Tuesday, October 7, 2025

Back to Blogging! The last time I wrote anything was October, 2009.  It is now January, 2014.  How time has gone by.  What has happened in the meantime?  Much.  and not so much.

Oh yes.  Too much.  Heartache, pain, hurt.  Joy, tears.  Life.  An uphill climb.  A son on drugs, a stint in Military school, a suicide attempt and drug rehab.  Then more drugs, Juvie, Drug Court. Drug tests, lack of trust,  Anger.    His towards me.  Mine towards him.

The good news is, that after all of that, my dear son is alive.  He graduated from High School with honors, got a very good scholarship to UAB.

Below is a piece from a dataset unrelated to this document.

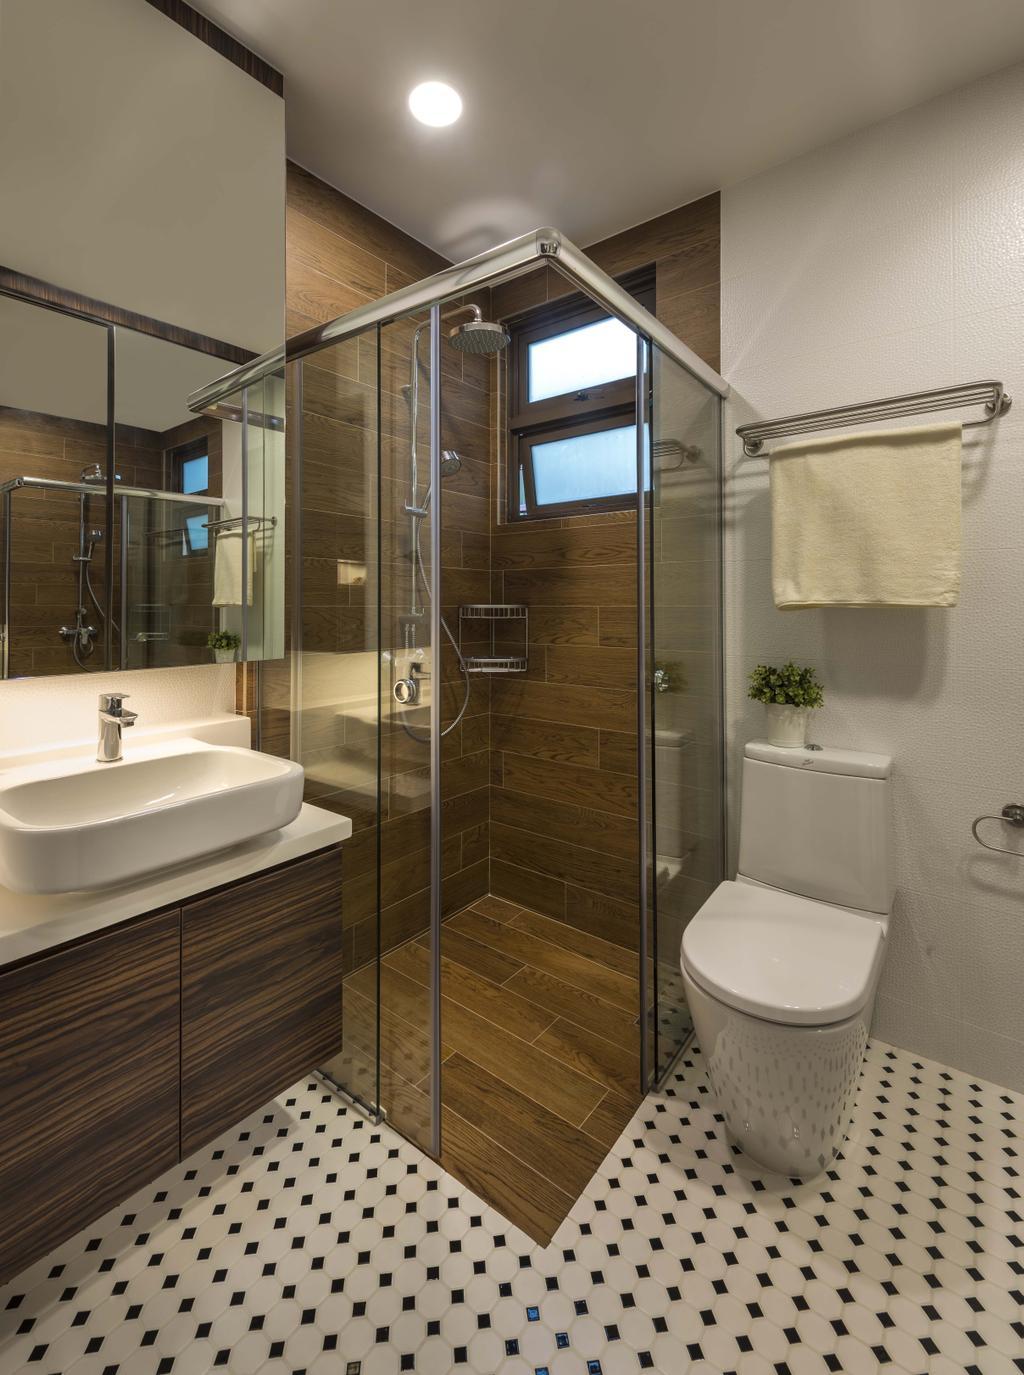 Scandinavian, HDB, Bathroom, 20 Marymount Terrace (Boon View), Interior Designer, Imposed Design, Pola Dot Floor, Modern Contemporary Bathroom, Recessed Lights, Wooden Bathroom Cabinet, Wooden Floor
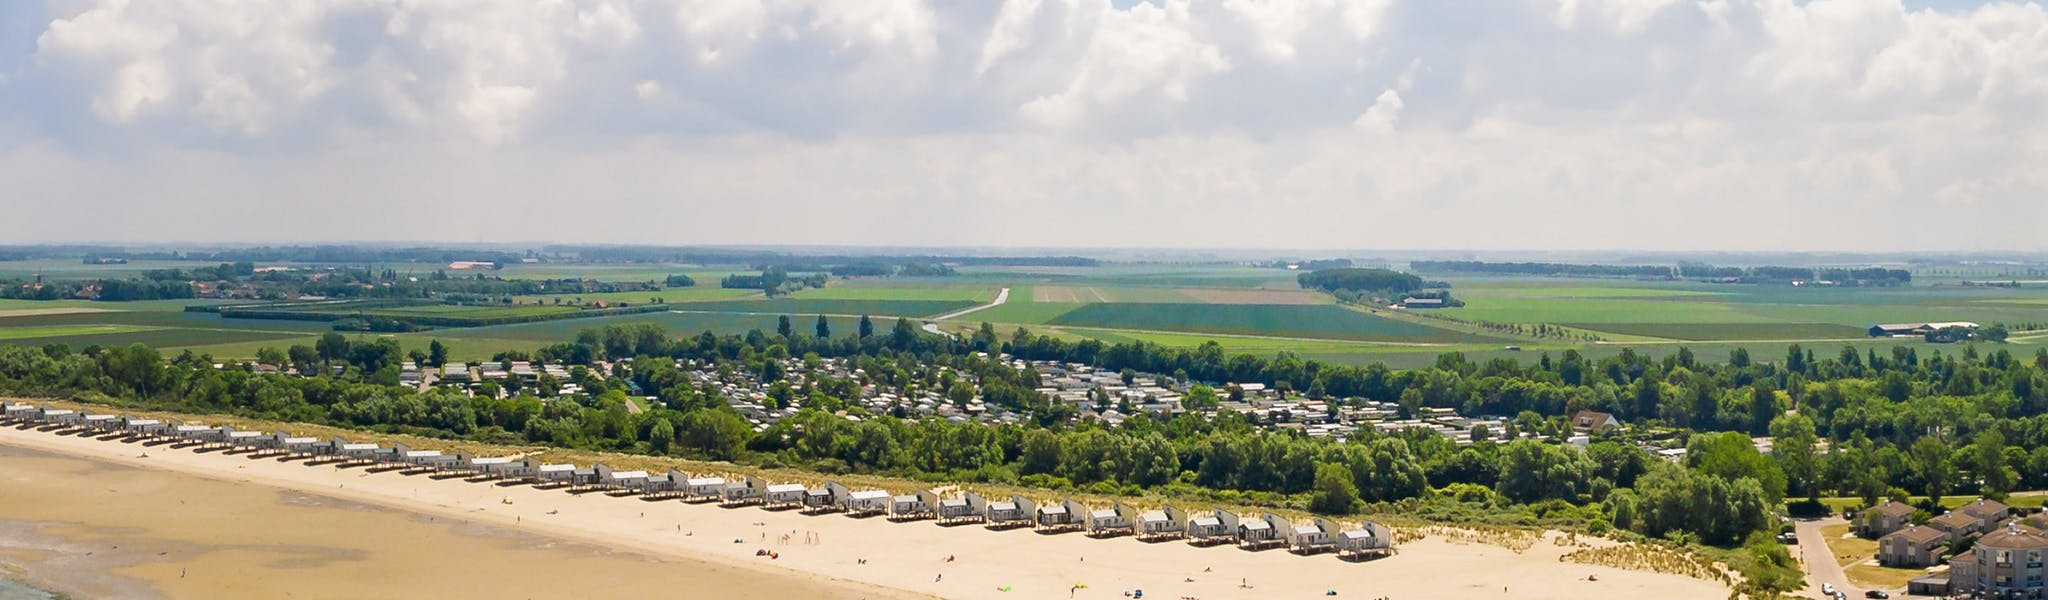 Camping Roompot Beach Resort  aan strand

The sad news is, I lost my son.  I lost a close relationship with him. He will still say he loves me, but I don't feel loved by him.  All I feel is his anger towards me.  I love him so much it hurts, and it hurts so badly that I don't have that sweet, close relationship I crave.  I lost it when he was young, as he was only in 4th grade when his dad was diagnosed with cancer.  Multiple Myeloma, along with TTP, short for Thrombotic Thrombosytopenic Purpura.  A life threatening blood disorder. From that time on, my time was split between being with my husband while in the hospital with tubes hanging out of his carotid artery, to be used for exchanging his unhealthy plasma with donor plasma.  Each exchange took hours, and he had to have sometimes 2/day.

Between that and going to Arkansas for treatment for sometimes weeks or more at a time for Charlie's treatment for the Multiple Myeloma, which included 2 bone marrow transplants, using his own stem cells.   I missed much of the dear, sweet time of raising John.  Raising my son.   Being there for him when he came home from school, did homework, played.  My daughter Abby took over that role as best as she could.